Levende talen evolueren altijd, maar gelukkig voor ons waren zowel Shakespeare als Cervantes recent genoeg auteurs dat het meeste van wat ze schreven vandaag begrijpelijk blijft ondanks veranderingen in grammatica en vocabulaire in de tussenliggende eeuwen.
Shakespeare had ongetwijfeld een grotere invloed op het veranderen van de Engelse taal, dankzij zijn flexibiliteit met delen van meningsuiting, vrij gebruik van zelfstandige naamwoorden als bijvoeglijke naamwoorden of werkwoorden, bijvoorbeeld. Hij is ook bekend uit andere talen, zoals het Grieks, te hebben getrokken toen het nuttig was. Hoewel we niet weten hoeveel woorden hij heeft bedacht, is Shakespeare verantwoordelijk voor het eerste geregistreerde gebruik van ongeveer 1.000 woorden. Een van de blijvende veranderingen waarvoor hij gedeeltelijk verantwoordelijk is, is het populaire gebruik van 'un-' als een voorvoegsel dat 'niet' betekent. Onder de woorden of zinnen die we het eerst van Shakespeare kennen, zijn 'one fall swoop', 'swagger', 'odds' (in de zin van gokken), 'full circle', 'puke' (braaksel), 'unfriend' (gebruikt als een zelfstandig naamwoord om naar een vijand te verwijzen). en "hazelaar" (als een kleur).

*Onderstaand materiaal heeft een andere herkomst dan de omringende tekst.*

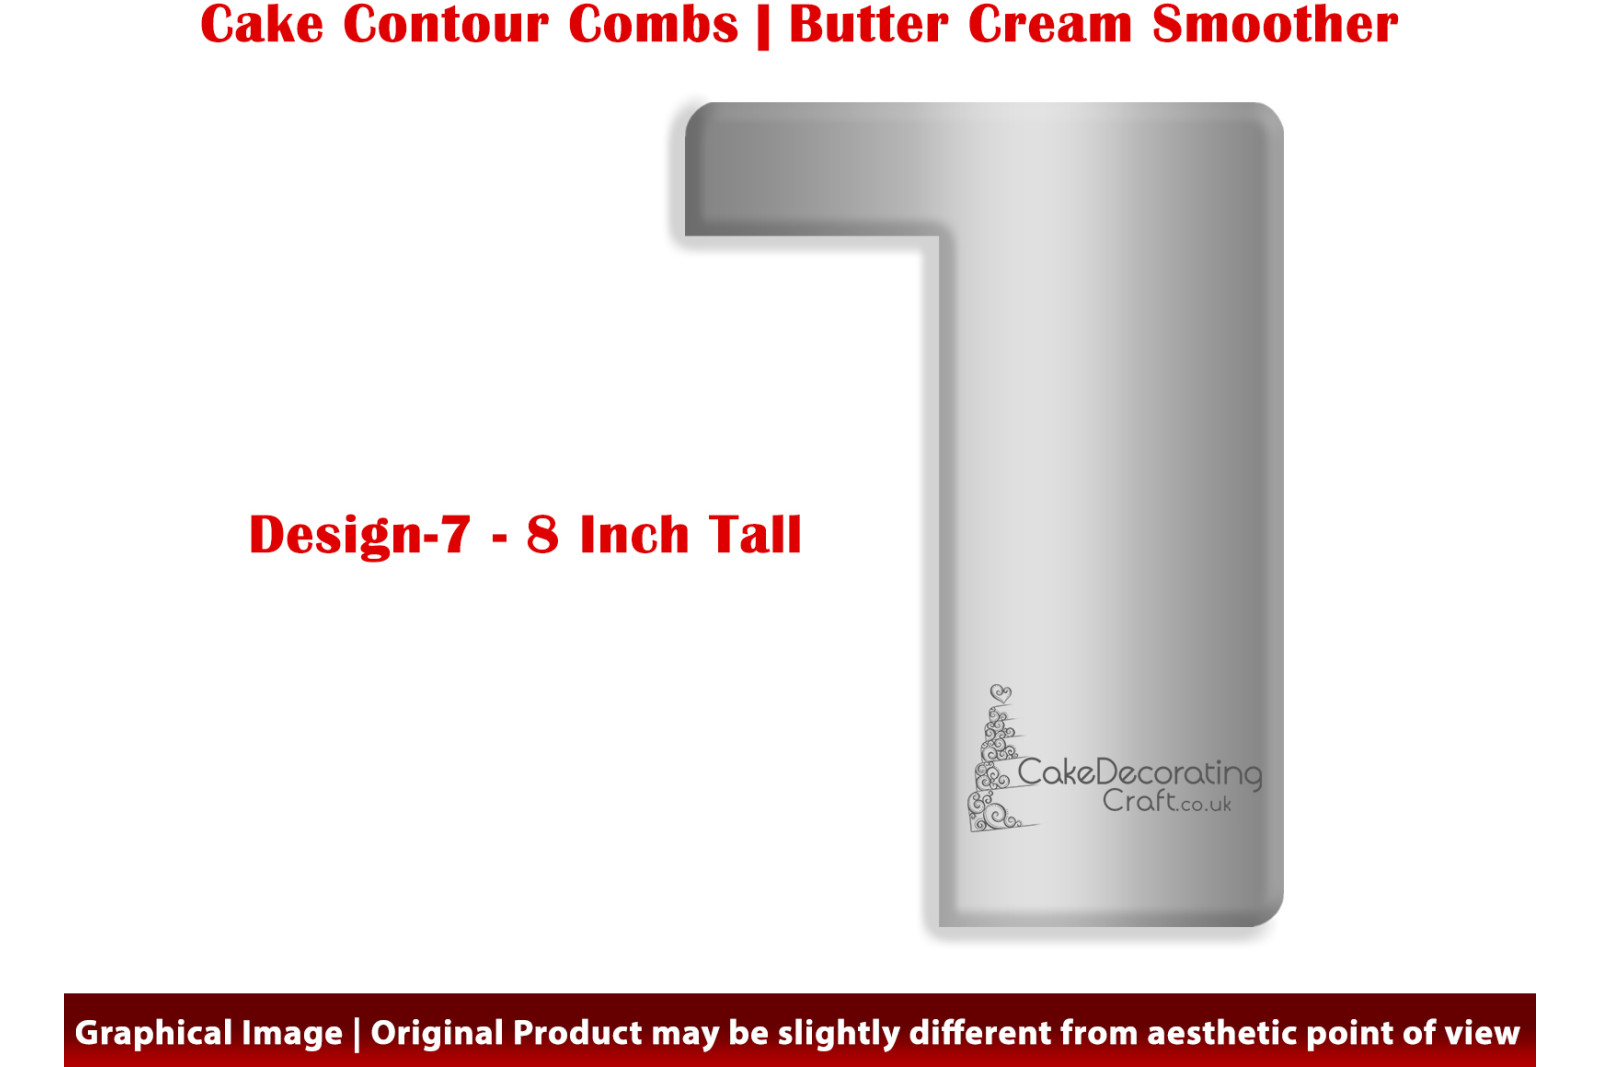 Crisp Corner | Design 7 | 8 Inch | Cake Decorating Craft | Cake Contour Combs | Smoothing | Metal Spreader | Butter Cream Smoothing | Genius Tool

Cervantes staat niet zozeer bekend om het verrijken van de Spaanse woordenschat als wel vanwege het gebruik van uitspraken of zinnen (niet noodzakelijkerwijs origineel bij hem) die hebben doorstaan en zelfs delen van andere talen zijn geworden. Onder degenen die een deel van het Engels zijn geworden, zijn "kantelen op windmolens", "de pot die de ketel zwart noemt" (hoewel in het origineel een koekenpan het woord voert), en "de hemel is de limiet."
Zo algemeen bekend werd de baanbrekende roman van Cervantes dat Don Quijote werd de bron van het Engelse bijvoeglijk naamwoord "quixotic." (Quichotte is een alternatieve spelling van het titelpersonage.) Het Spaanse equivalent is quijotesco, hoewel het vaker naar persoonlijkheid verwijst dan naar het Engelse woord.
Beide mannen werden nauw verbonden met hun talen. Engels wordt vaak de taal van Shakespeare genoemd (hoewel de term vaak wordt gebruikt om specifiek te verwijzen naar hoe het in zijn tijdperk werd gesproken), terwijl Spaans vaak de taal van Cervantes wordt genoemd, die sinds zijn tijdperk minder is veranderd dan Engels.